After data processing, there are 2,800 groups of traffic accident data. The characteristics of some traffic accidents are classified as follows:(1)Accident location is as follows. 1: ground nonexpressway, 2: ground expressway, 3: elevated nonexpressway, 4: elevated expressway, and 5: other roads(2)Road information is as follows. 1: three-branch bifurcation, 2: four-branch bifurcation, 3: multi-branch bifurcation, 4: roundabout crossing, 5: ramp, 6: ordinary road, 7: elevated road, 8: narrow road, 9: narrow road, 10: bridge, 11: tunnel, 12: entry and exit of road, 13: dangerous road, and 14: other special road(3)Accident form is as follows. 1: collision between people and cars, 2: collision between nonmotor vehicles and cars, 3: collision between motor vehicles and tricycles, 4: single car accident, 5: collision between cars and stationary cars, 6: collision between cars and cars, 7: collision between cars and cars, 8: collision between cars and cars, 9: collision between cars and cars, and 10: collision between cars(4)Accident classification is as follows. 1: minor accident, 2: general accident, 3: major accident, and 4: extramajor accident
In the accident classification, a minor accident refers to one or two minor injuries at a time or property damage motor vehicle accident less than 1000 yuan and nonmotor vehicle accident less than 200 yuan accident. A general accident is one or two minor injuries at a time or property damage motor vehicle accident less than 1000 yuan and nonmotor vehicle accident less than 200 yuan accident. A major accident is one or two deaths at a time or more than 3 or less than 10 injured. The rest were accidents with property losses of more than 30,000 yuan but less than 60,000 yuan. An extramajor accident is one that causes the death of more than three people or seriously injure 11 or more people. Or, one person died and more than eight were seriously injured. Or, two dead and five or more seriously injured. In addition, there are more than 60,000 yuan in property damage accidents.
Among them, 1378 were major accidents, accounting for 49.2%. 63.0% of traffic accidents occurred on ordinary roads, followed by 18.2% at four-branch and 10.9% at three-branch. The data of traffic accident classification and road section information are shown in Table 1.
Since this data have not been used to predict the severity of traffic accidents, this paper considers three dimensions of longitude and latitude distribution, date, and time to verify the reliability of the data. The longitude and latitude distributions of all traffic accidents were compared with those of China and no outliers were found. In addition, the distribution of traffic accidents in some provinces is shown in Table 2. Shanghai had the highest number of accidents, at 34.8 percent. It is actually Sichuan and Yunnan, with 18.6% and 13.6%, respectively. Although the traffic accident data does not cover the whole country, it also covers a variety of areas such as plains, hills, mountains, and plateaus. Therefore, the reaccident location dimension can prove the reliability of the data.
For the date and time dimensions, we selected months in the date dimension and hours in the time dimension. The data for the date dimension are shown in Figure 2. The distribution in each month is relatively random, which corresponds to the randomness of traffic accidents in the date dimension. In addition, the time heat map of the accident is shown in Figure 3. It is easy to see that the highest number of accidents occurs during the morning and evening rush hours. In addition, traffic accidents occur more frequently in the evening than in the early morning. Therefore, the reliability of the data is verified from three aspects: accident location, accident date, and accident time.


3.2. Prediction of Severity
In this paper, all data were randomly selected from 2240 traffic accidents to plant forests. The remaining 560 accidents were tested. The importance of features is measured by looking at tree nodes that use this feature to reduce impurities in all trees in the forest.
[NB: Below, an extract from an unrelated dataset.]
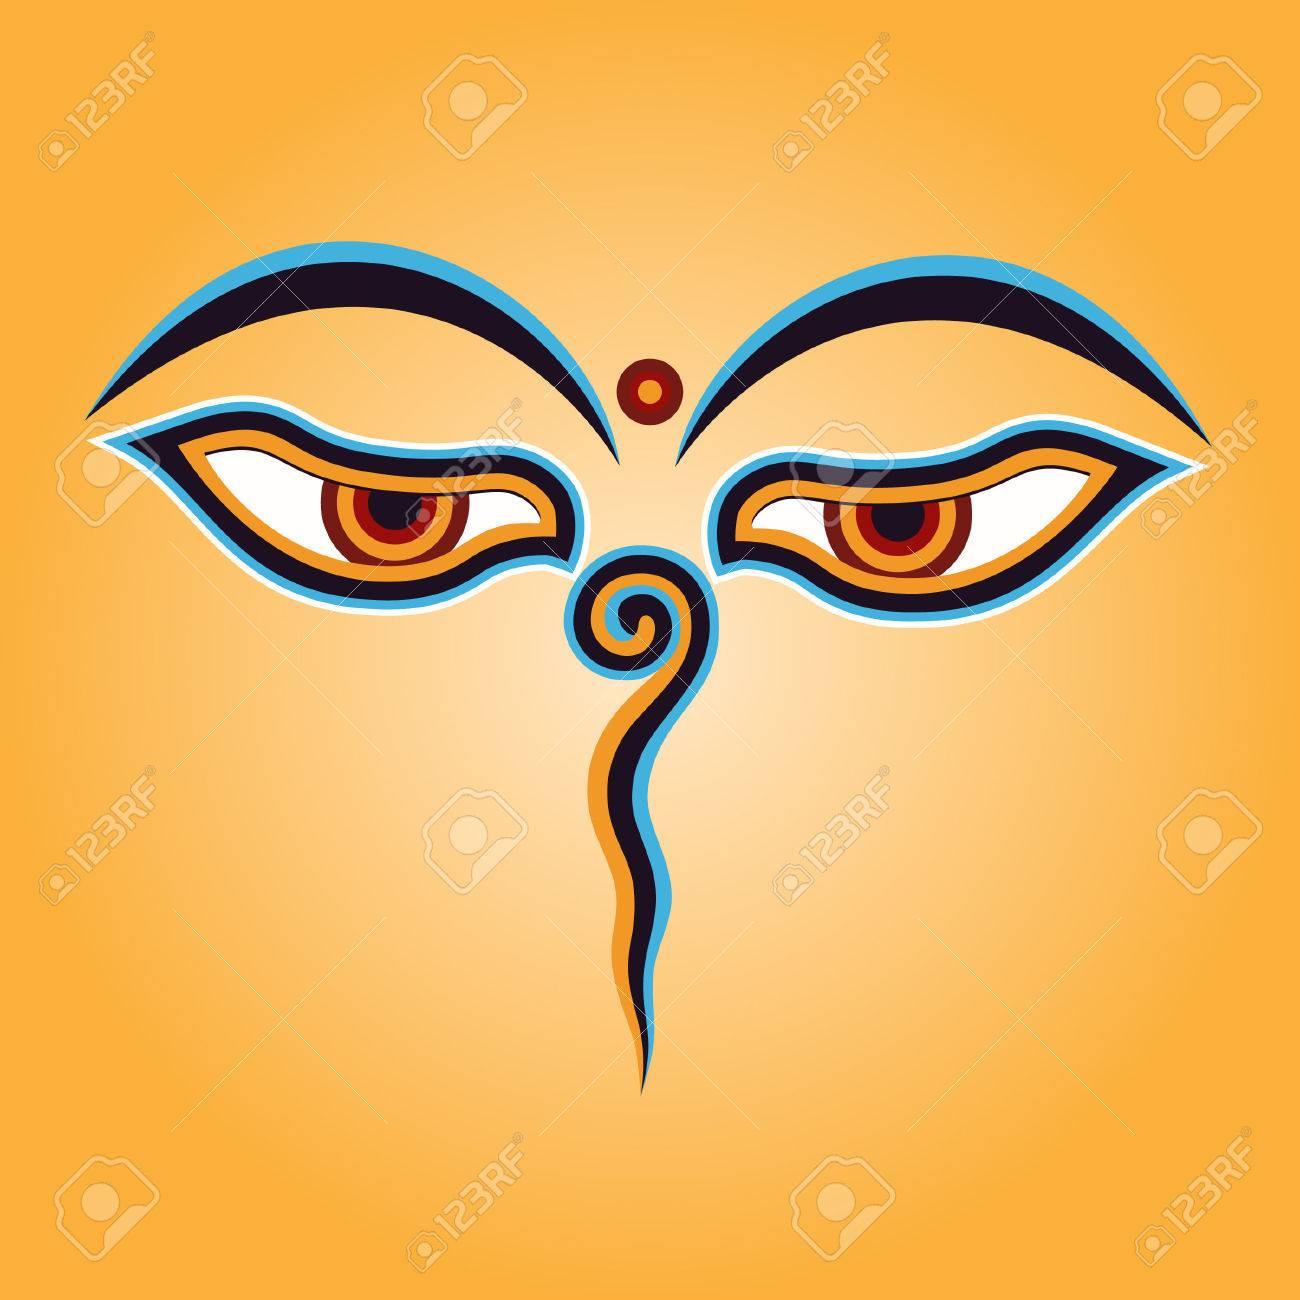 Buddha eyes vector royalty free cliparts vectors and stock buddha eyes vector stock vector 36999723 biocorpaavc Images

The final importance ranking is shown in Figure 4. Our principle for choosing the importance threshold is the Ø80 value of the cumulative value curve of importance. According to the importance value of each feature, the Ø 80 value is around 0.04. Therefore, we choose 0.04 as the selection index of important features. Finally, seven accident characteristics are selected to predict the severity of traffic accidents. Including the morphology of the accident, the engine capacity, impact velocity, the speed limit, road information, accident site, and vehicle maneuver.

3.3. Model Comparison
Through the selected 7 characteristics of traffic accident data, we conducted several experiments on the original data of 2800 traffic accidents. 2240 traffic accident data were randomly selected for training, and the rest data were used as test sets. Random forest, BP neural network, SVM, and radial basis neural network were used for training and testing. The prediction performance of each model on the severity of traffic accidents is shown in Table 3. The performance of the random forest algorithm is better than other models. The recall is higher than other models. The false alarm rate is lower than in other models, so the overall F1 score is also higher. The highest ROC indicates that the prediction result of this model is more reliable and stable.
3.4. Random Forest Results Analysis
Each column of the confusion matrix represents the predicted category, and the total number of each column represents the number of data predicted for that category. Each row represents the true category to which the data belongs, and the total numbers of data in each row represent the number of data instances in that category. The accuracy of the training model is 99%. In the prediction of category 1, three categories 2 are predicted as category 1, and the accuracy is 98.6%. There were 7 forecast errors in Category 2, a 0.8 percent error rate. There were 13 errors in Category 3 predictions. Nine of them were category 2. Four of them were category 1, with an accuracy of 98.8%. Category 4 has 100% accuracy. This is shown in Figure 5.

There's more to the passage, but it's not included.